# R.I.P. Ricardo Montalban



## Hauntiholik (May 17, 2006)

Good bye Khan!









Ricardo Montalban dies at 88

I spit my last breath at thee...


----------



## Ms. Wicked (Nov 14, 2006)

Nooooo!!!!!!

So sad.


----------



## sharpobject (May 7, 2008)

He will be sadly missed.


----------



## RoxyBlue (Oct 6, 2008)

A sad day indeed for fellow Trekkies


----------



## Terrormaster (Sep 27, 2007)

So long boss, enjoy your final ride on da plane! You will be missed.


----------



## slightlymad (May 25, 2006)

I will so miss those Chrysler commercials...... C O R D O B A it just rolls off my tongue


----------



## Spooky1 (Aug 25, 2008)

Will he be buried in fine Corinthian Leather?

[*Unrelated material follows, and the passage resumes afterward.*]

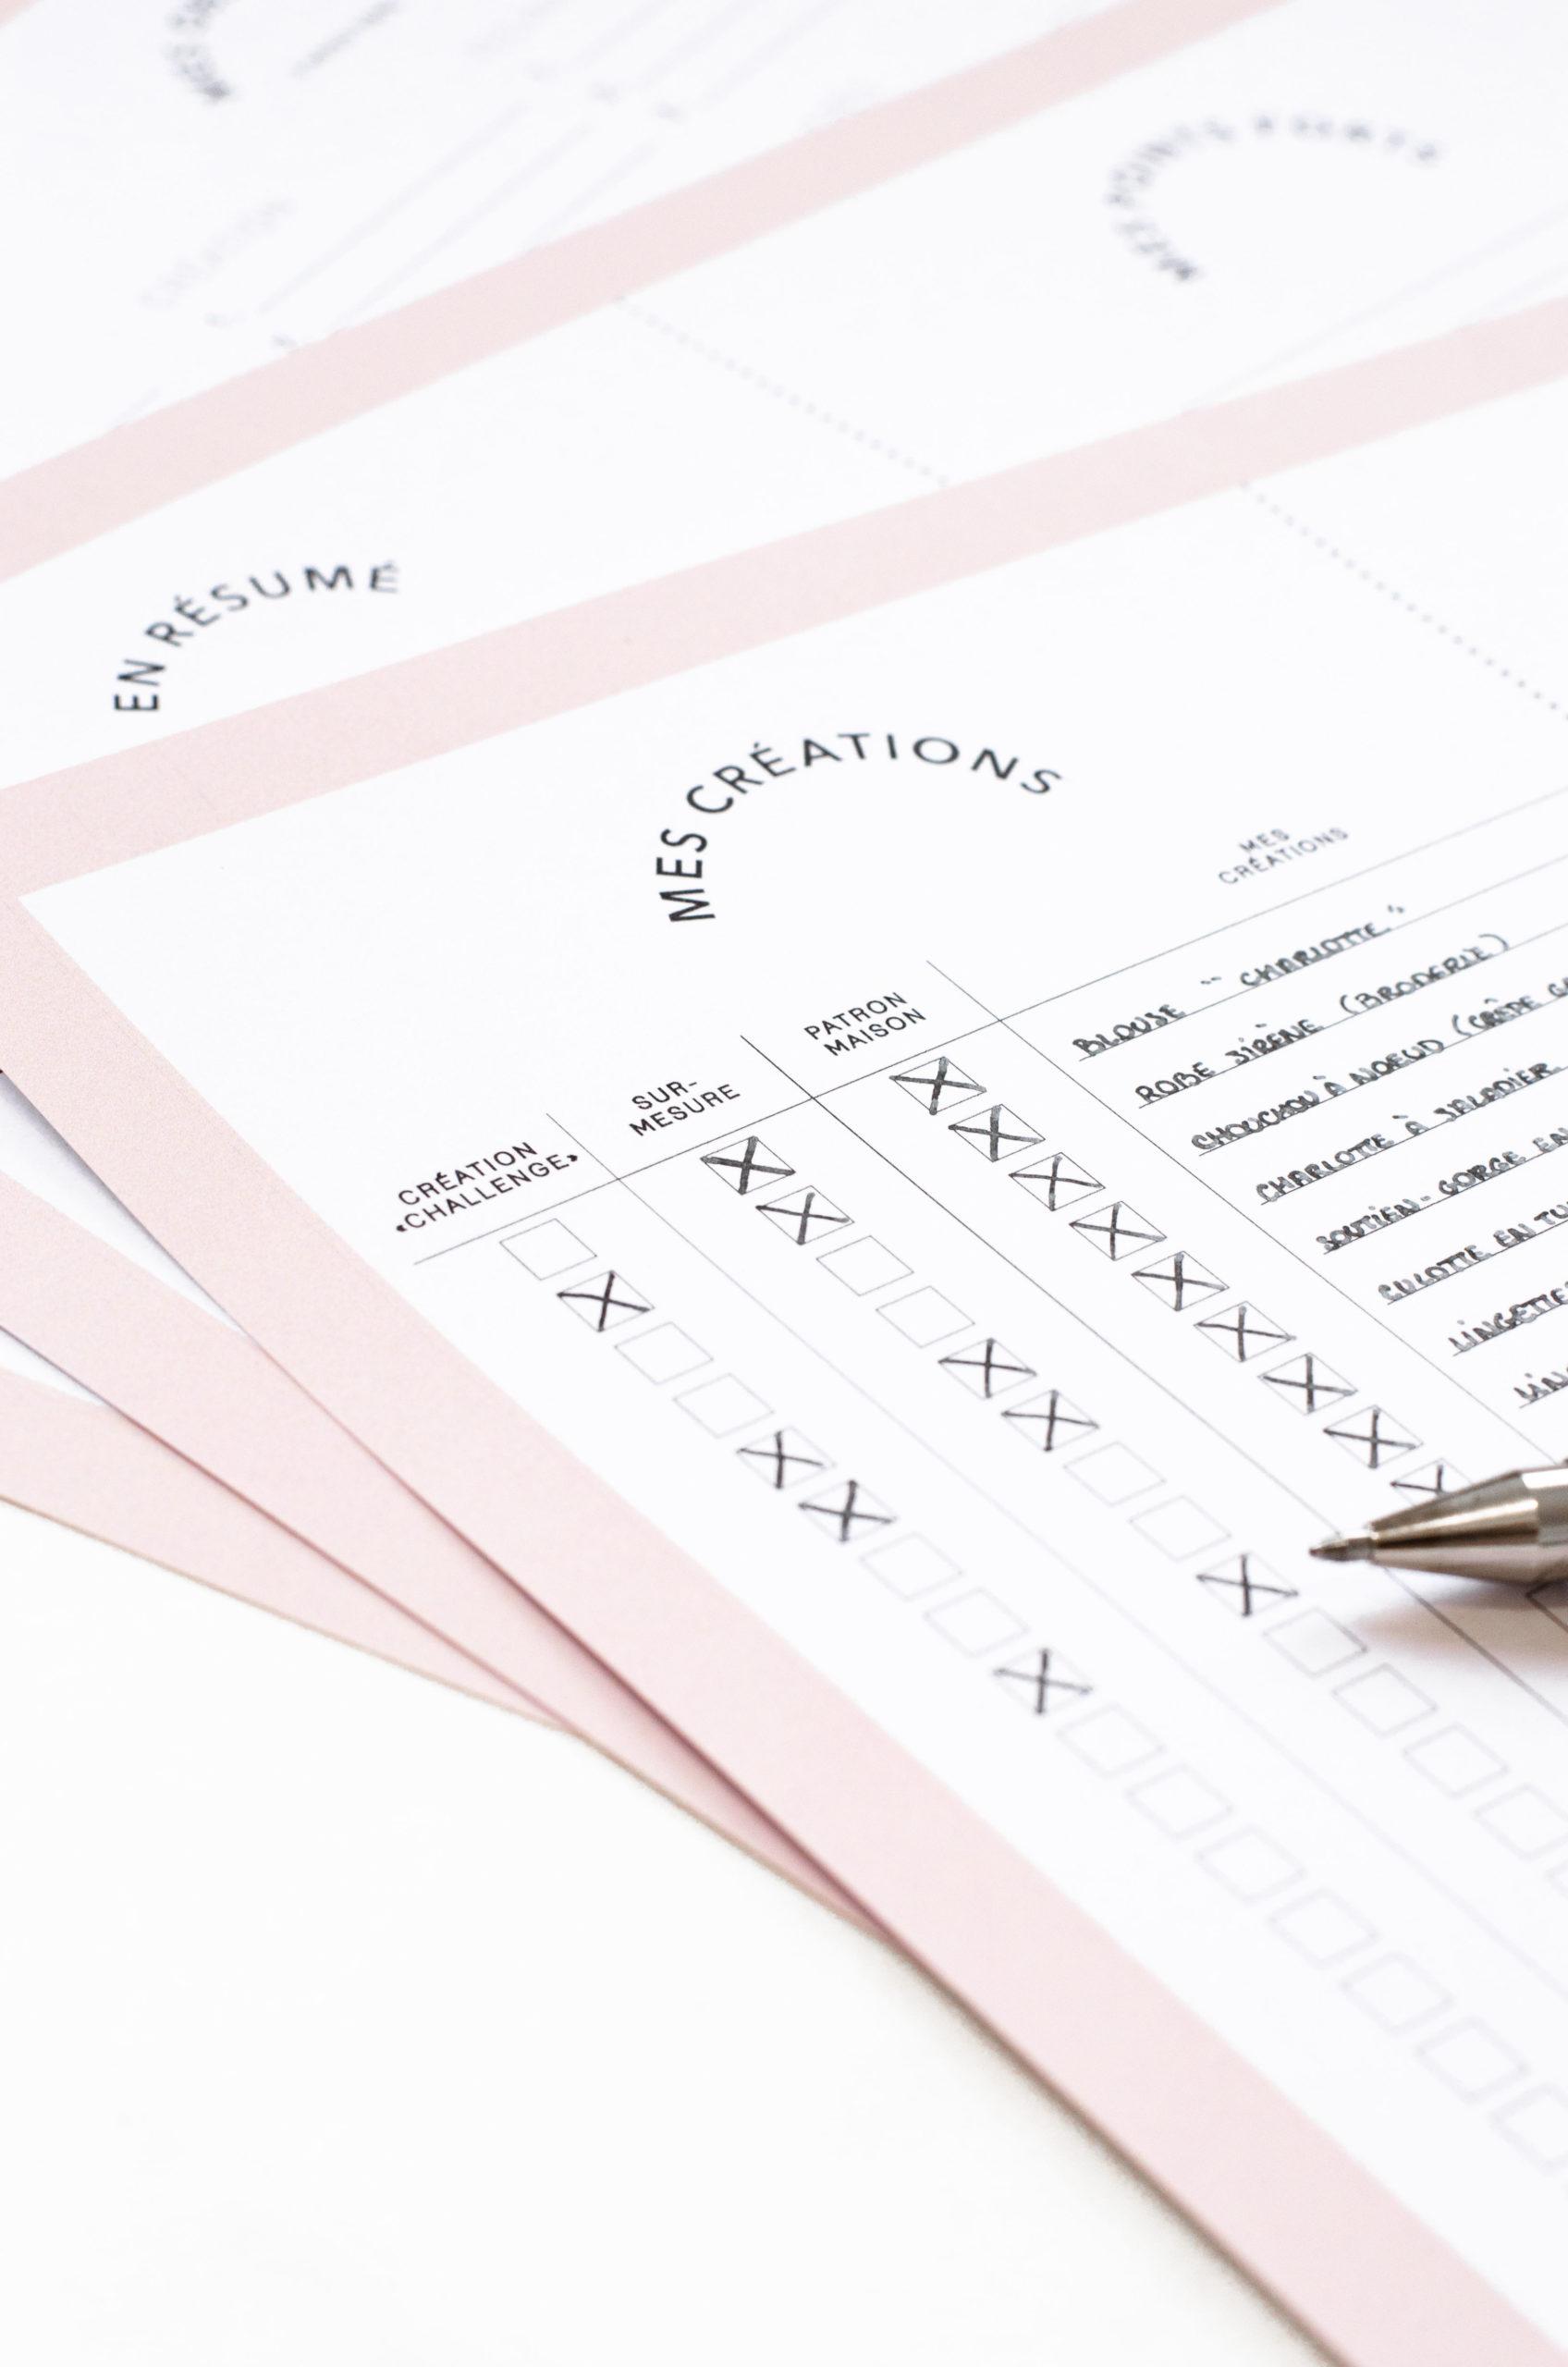 Faire un bilan couture : pourquoi et comment le faire ?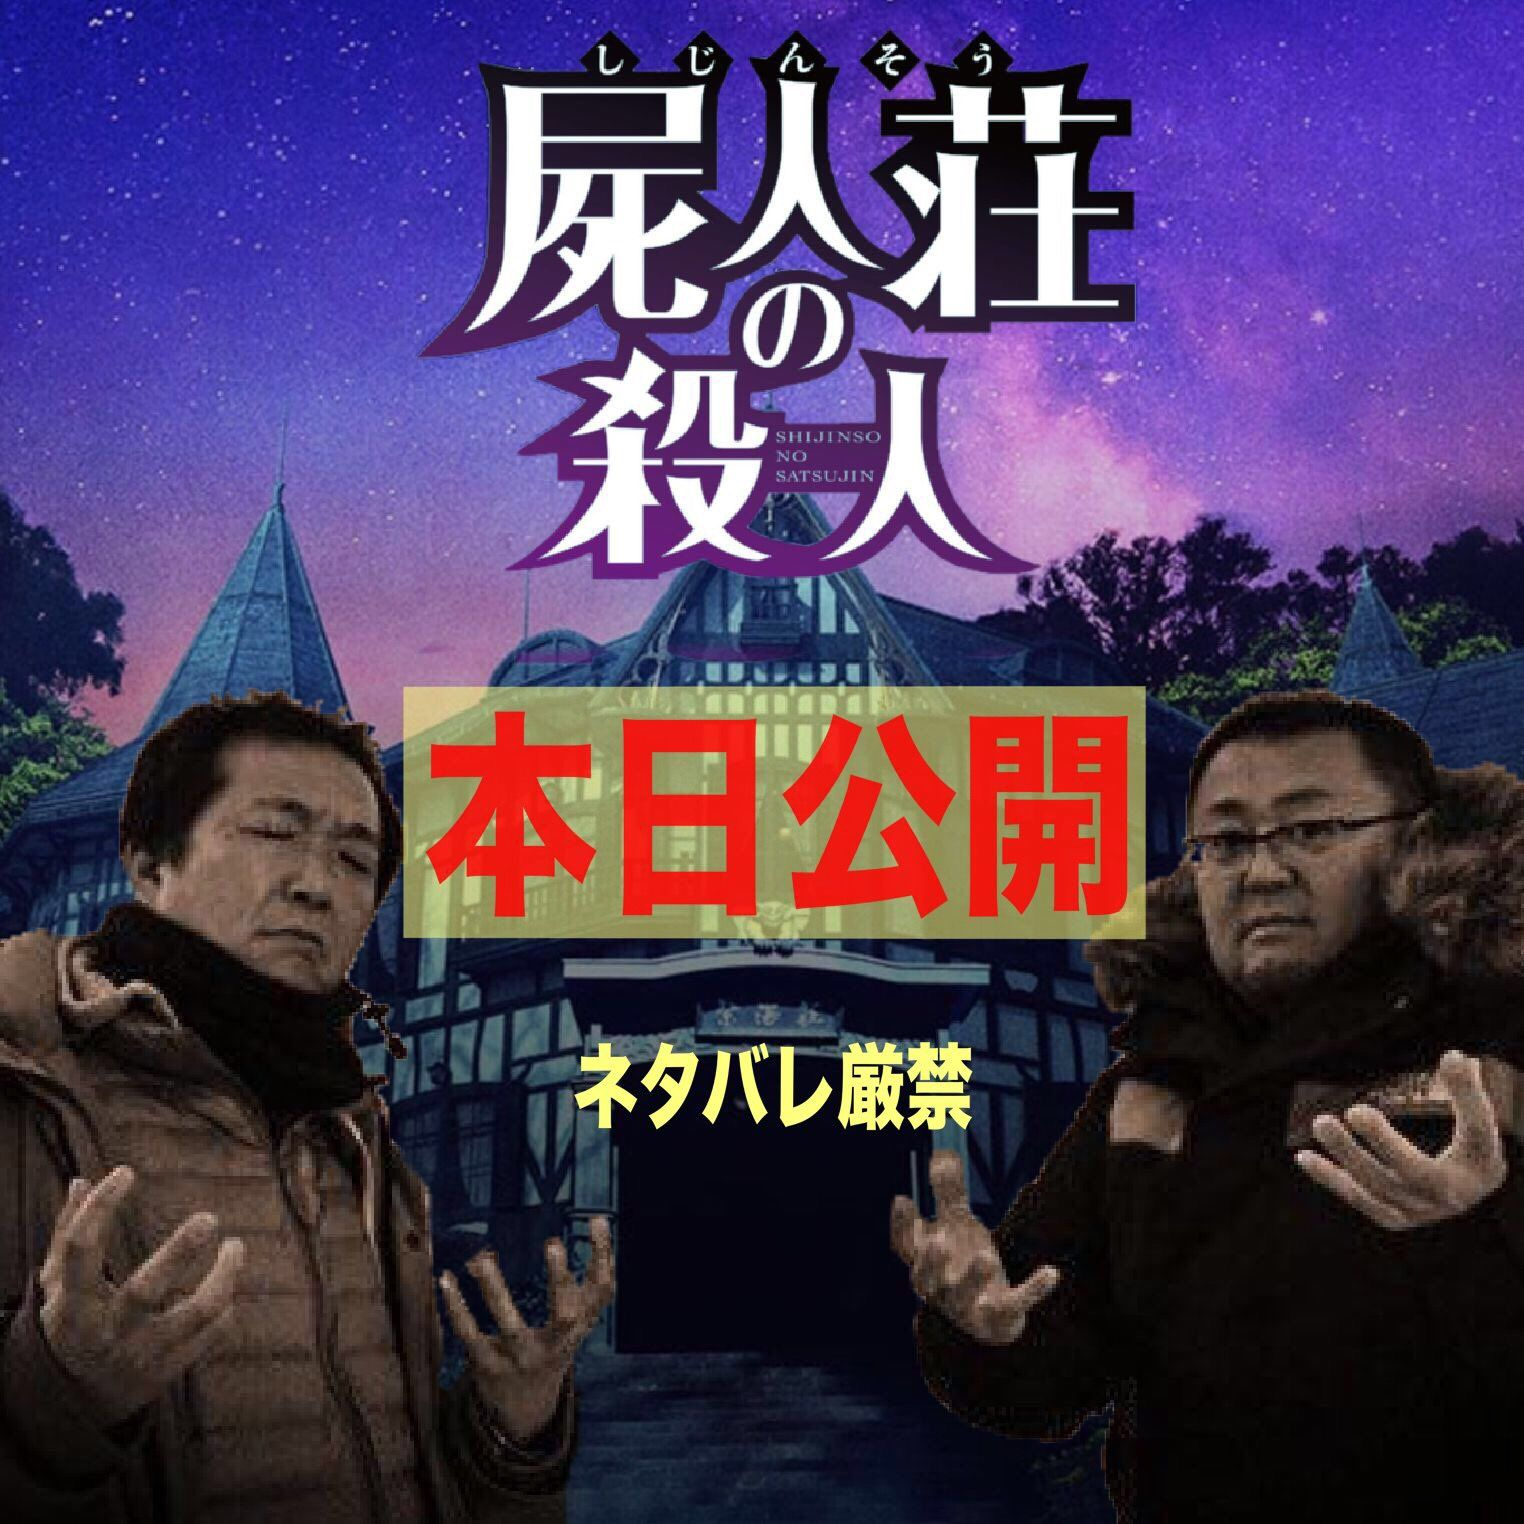 木村(^^)ひさし on Twitter

So that's 2 from Star Trek lately (other was Majel Barrett).:cryeton:


----------



## Lilly (Jun 13, 2006)

I likeed him too.
Khan


----------



## Mr_Chicken (Nov 26, 2008)

So sad, indeed.


----------



## Dark Angel 27 (Sep 11, 2008)

omg no! it took me a while to remember him though i only watched the Star Trek TNG and later episodes...RIP Khan!


----------



## kevin242 (Sep 30, 2005)

"Smiles everybody, smiles!"
-Mr. Rourke

"From Hell's heart, I stab at thee... With my last breath, I spit at thee..."
-Khan

q: "How could you do something so vicious?"
a: "It was easy my dear, don't forget that I spent two years as a building contractor."
-Vincent Ludwig

RIP Ricardo Montelban


----------



## Sickie Ickie (Jun 20, 2006)

He will always be Mr. Rourke to me. May you find your own Fantasies, Riccardo!


----------